**WORK ORDER:**
Below are the records; repeat exactly their lines between the line holding "Women in Contemporary Mexican Politics II" and the line holding "BGS 30339 Cheie", inclusive, skipping the pictures.

Top of PROVIDED RECORDS

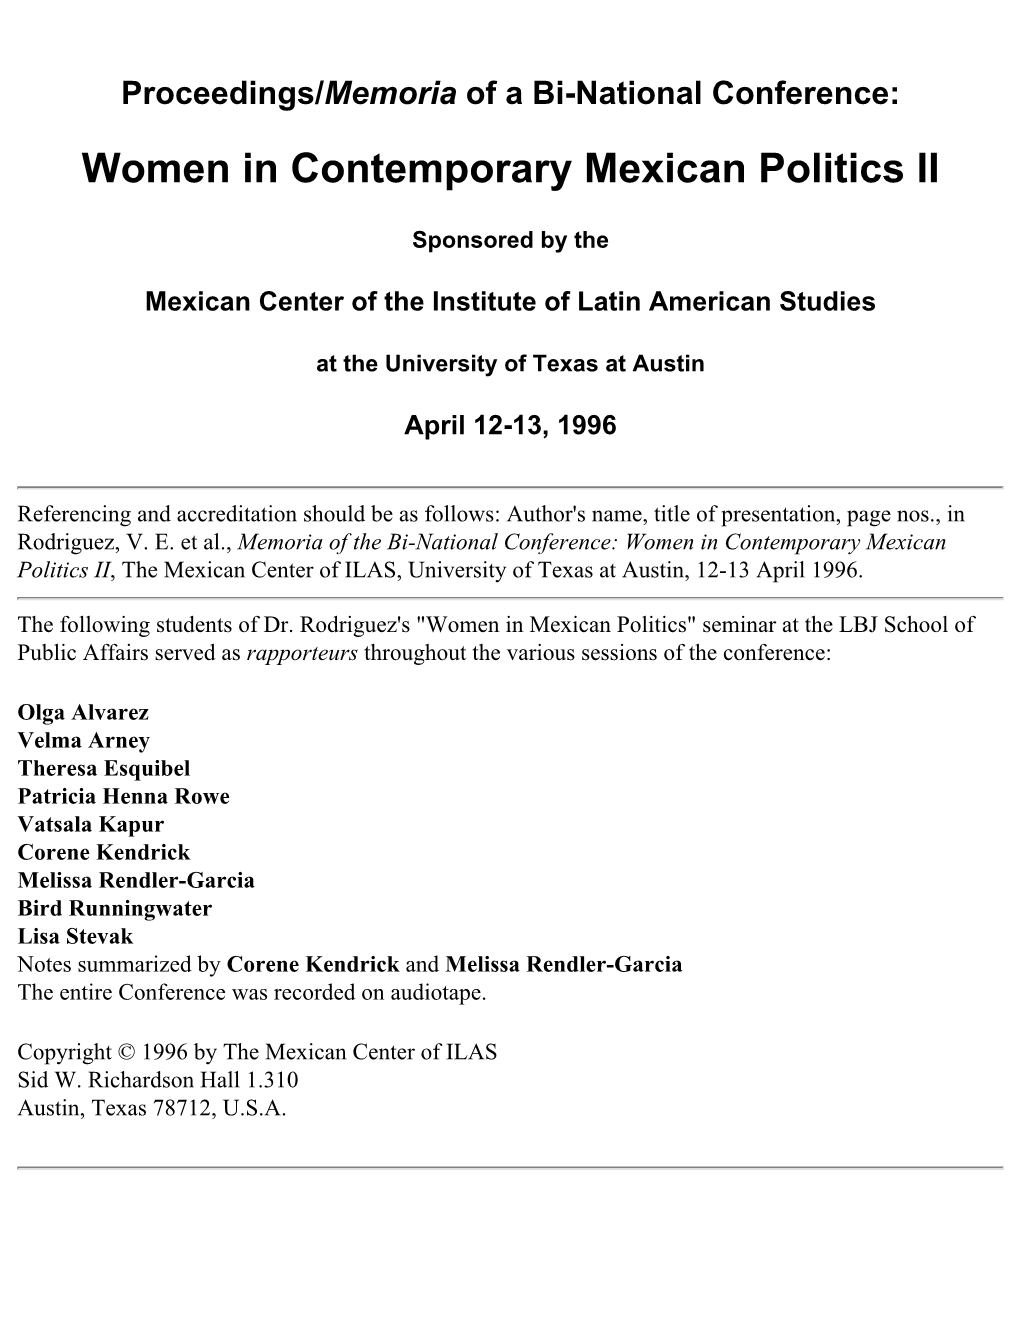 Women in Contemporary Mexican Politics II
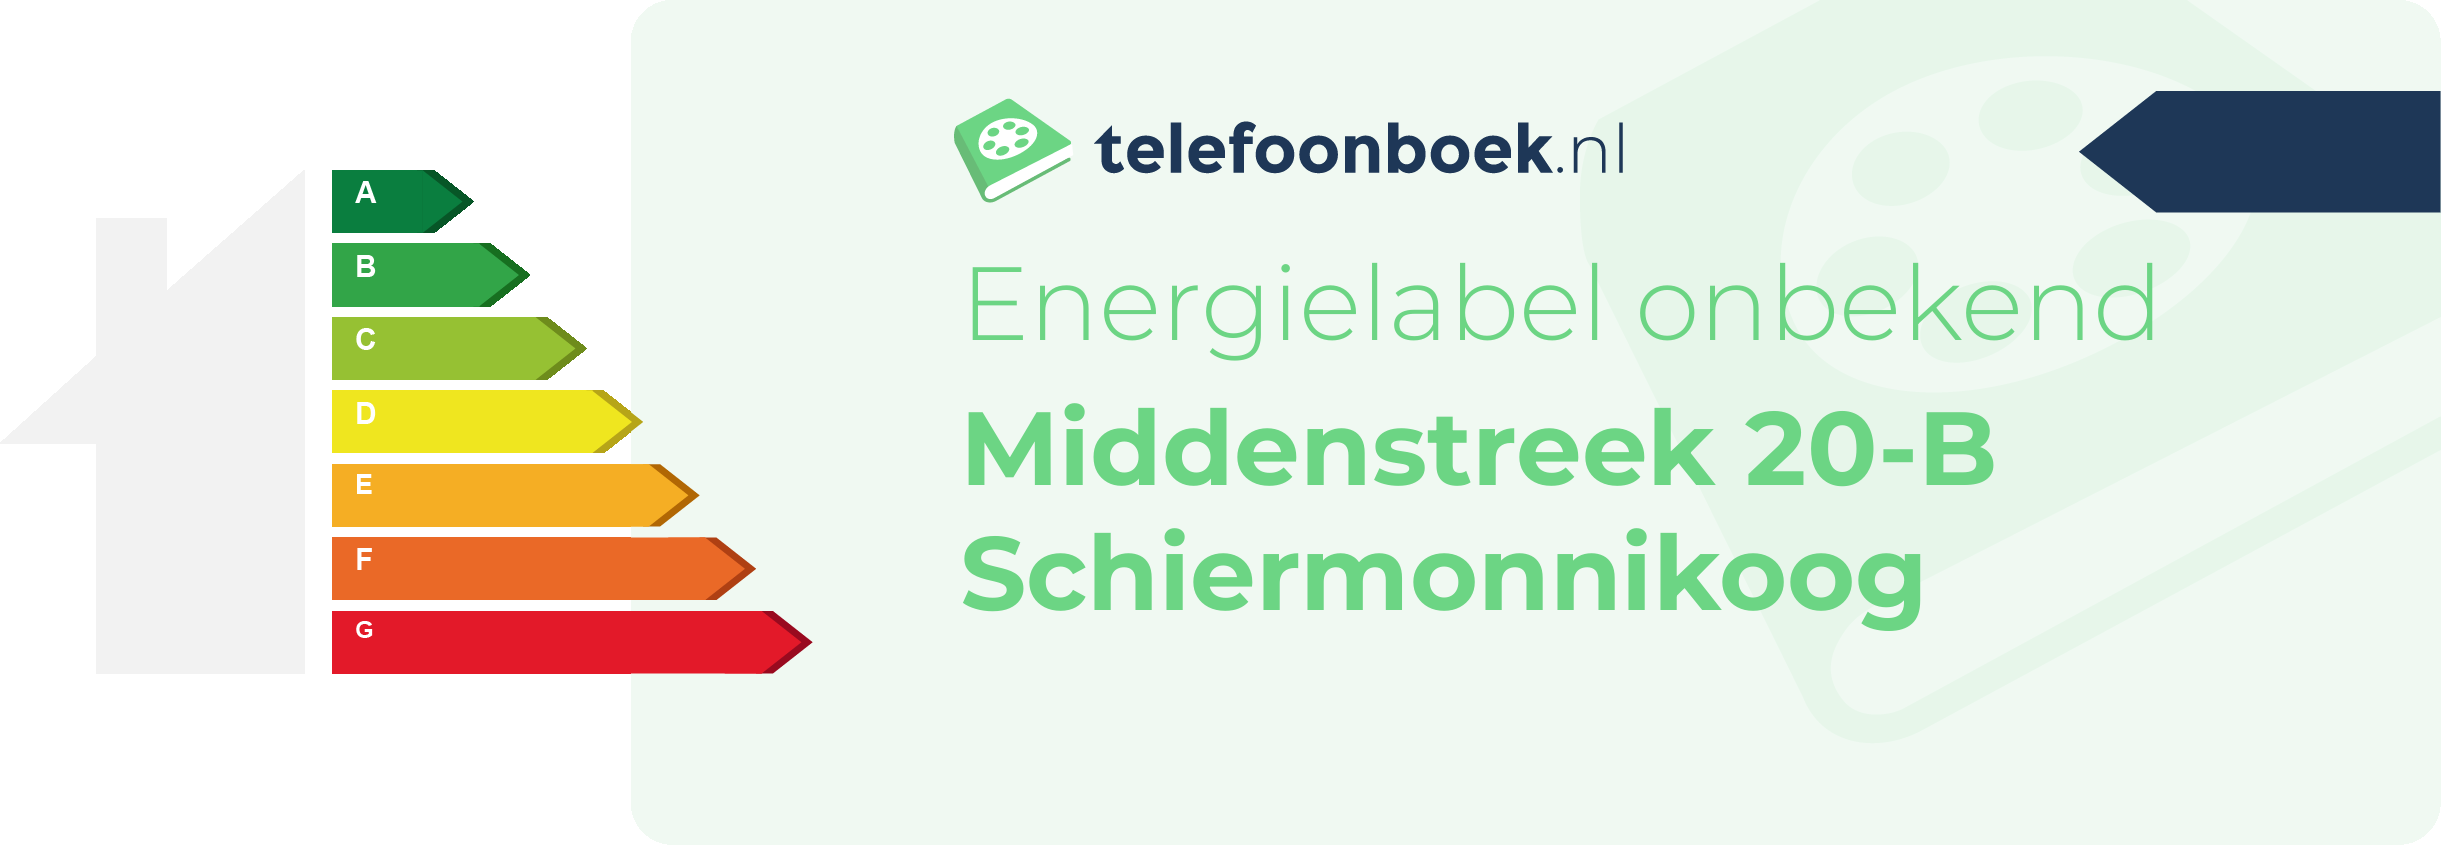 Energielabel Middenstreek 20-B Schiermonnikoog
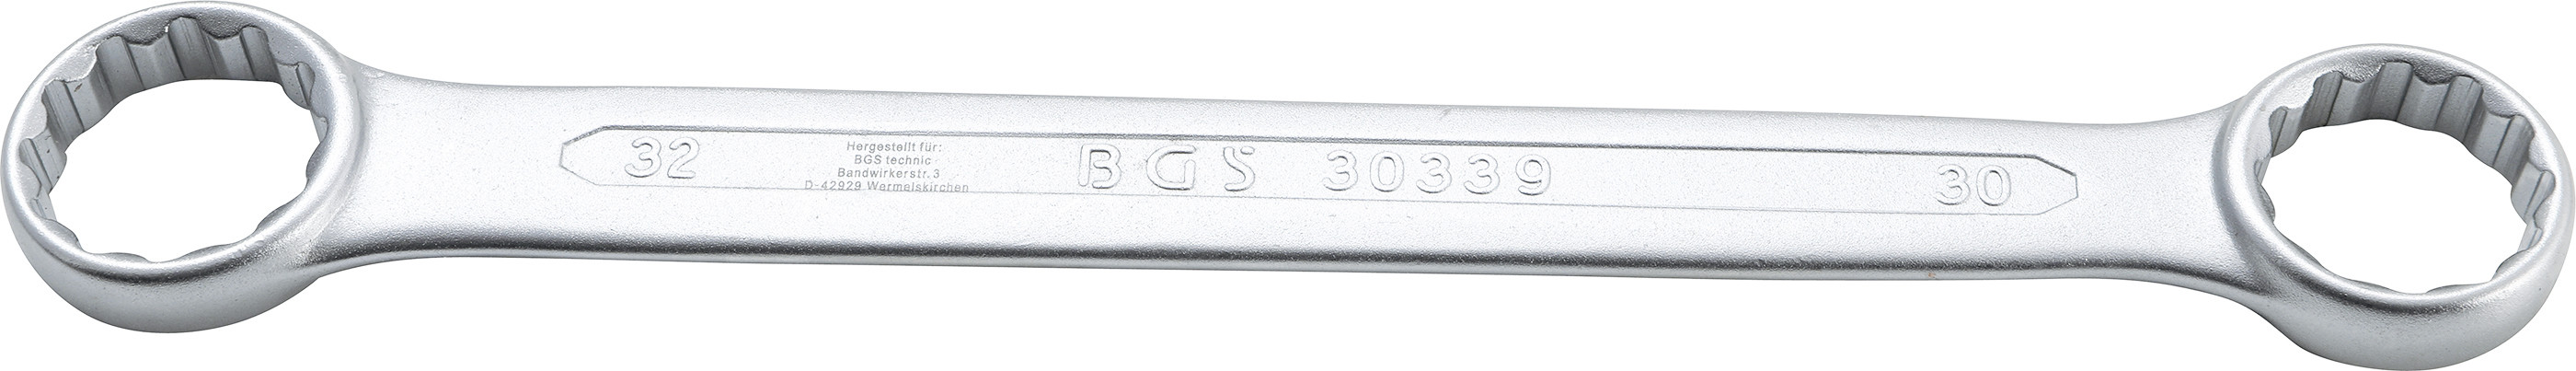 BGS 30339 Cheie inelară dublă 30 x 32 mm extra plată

Bottom of PROVIDED RECORDS
Top of PROVIDED RECORDS

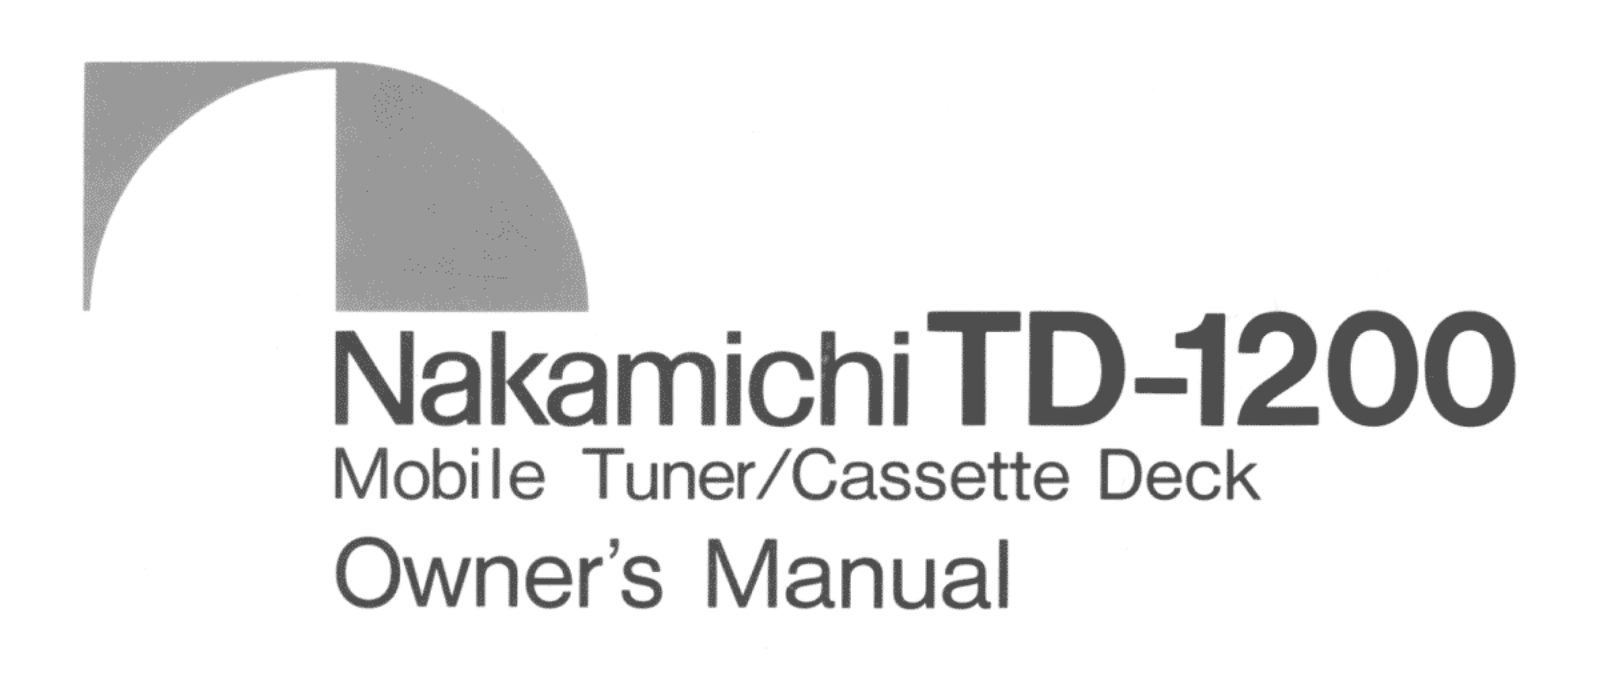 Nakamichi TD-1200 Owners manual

Bottom of PROVIDED RECORDS
Top of PROVIDED RECORDS

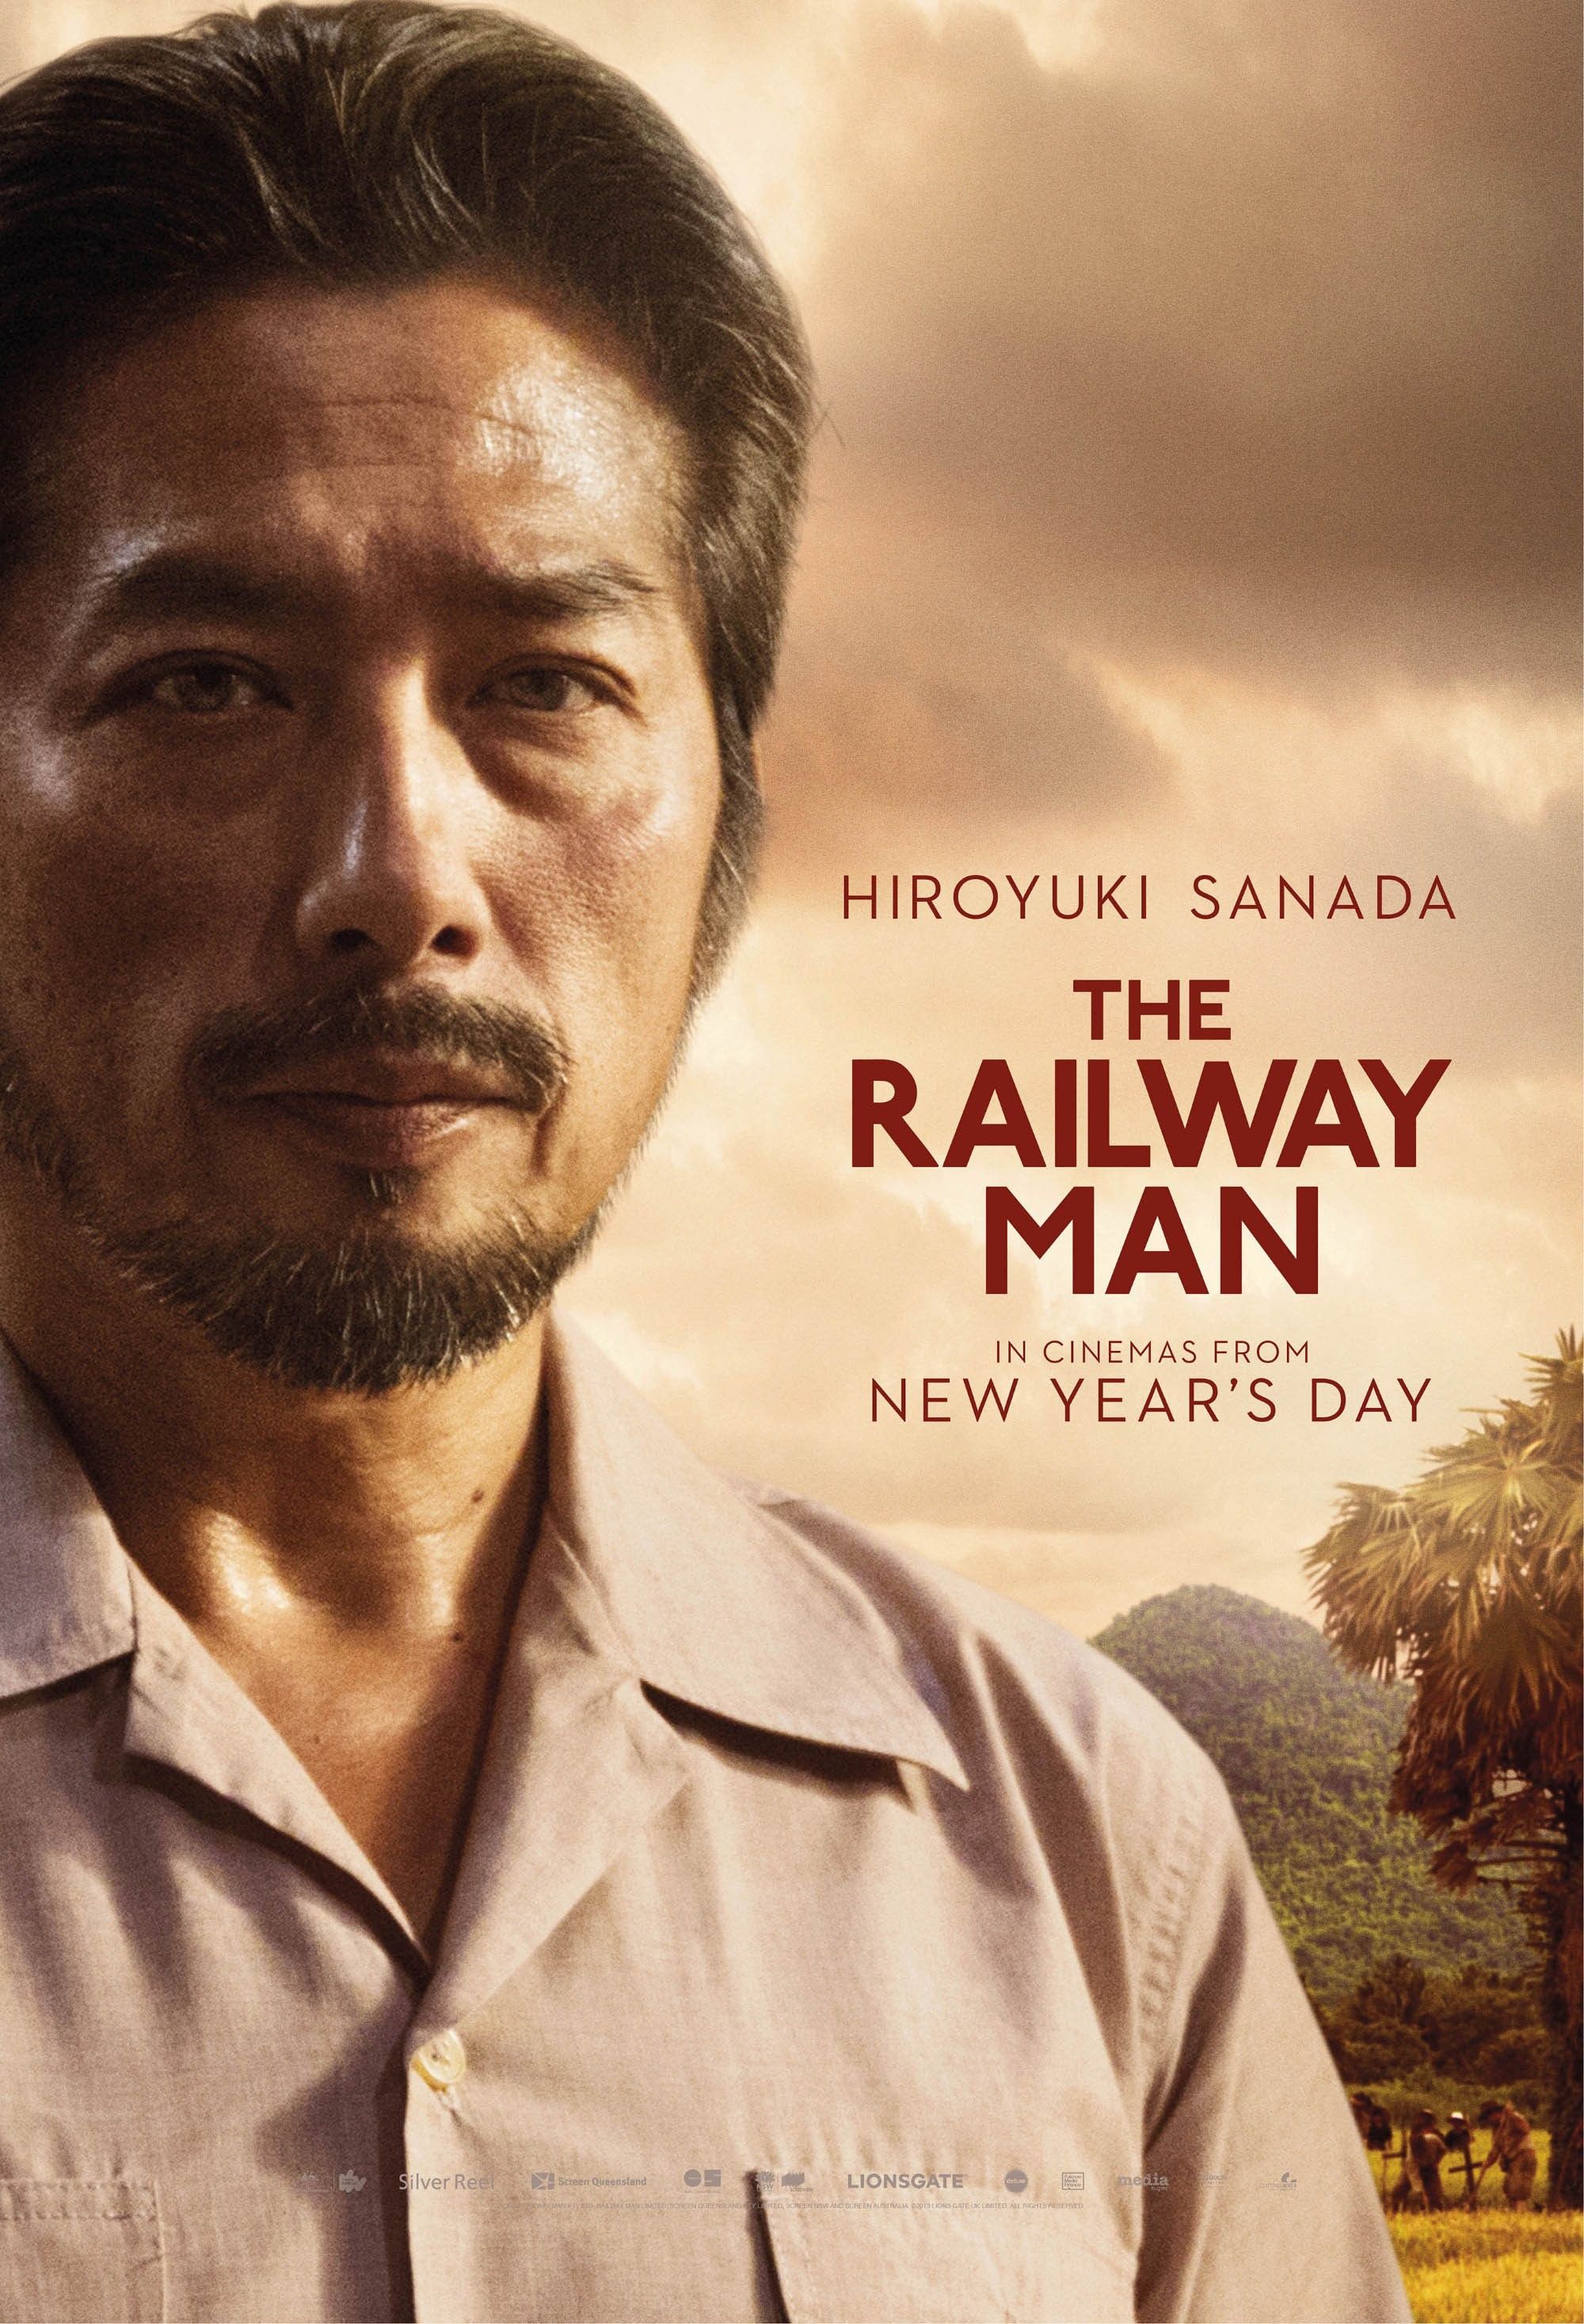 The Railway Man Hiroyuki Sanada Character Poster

Bottom of PROVIDED RECORDS

**TASK RESPONSE:**
 Women in Contemporary Mexican Politics II
 Energielabel Middenstreek 20-B Schiermonnikoog
 BGS 30339 Cheie inelară dublă 30 x 32 mm extra plată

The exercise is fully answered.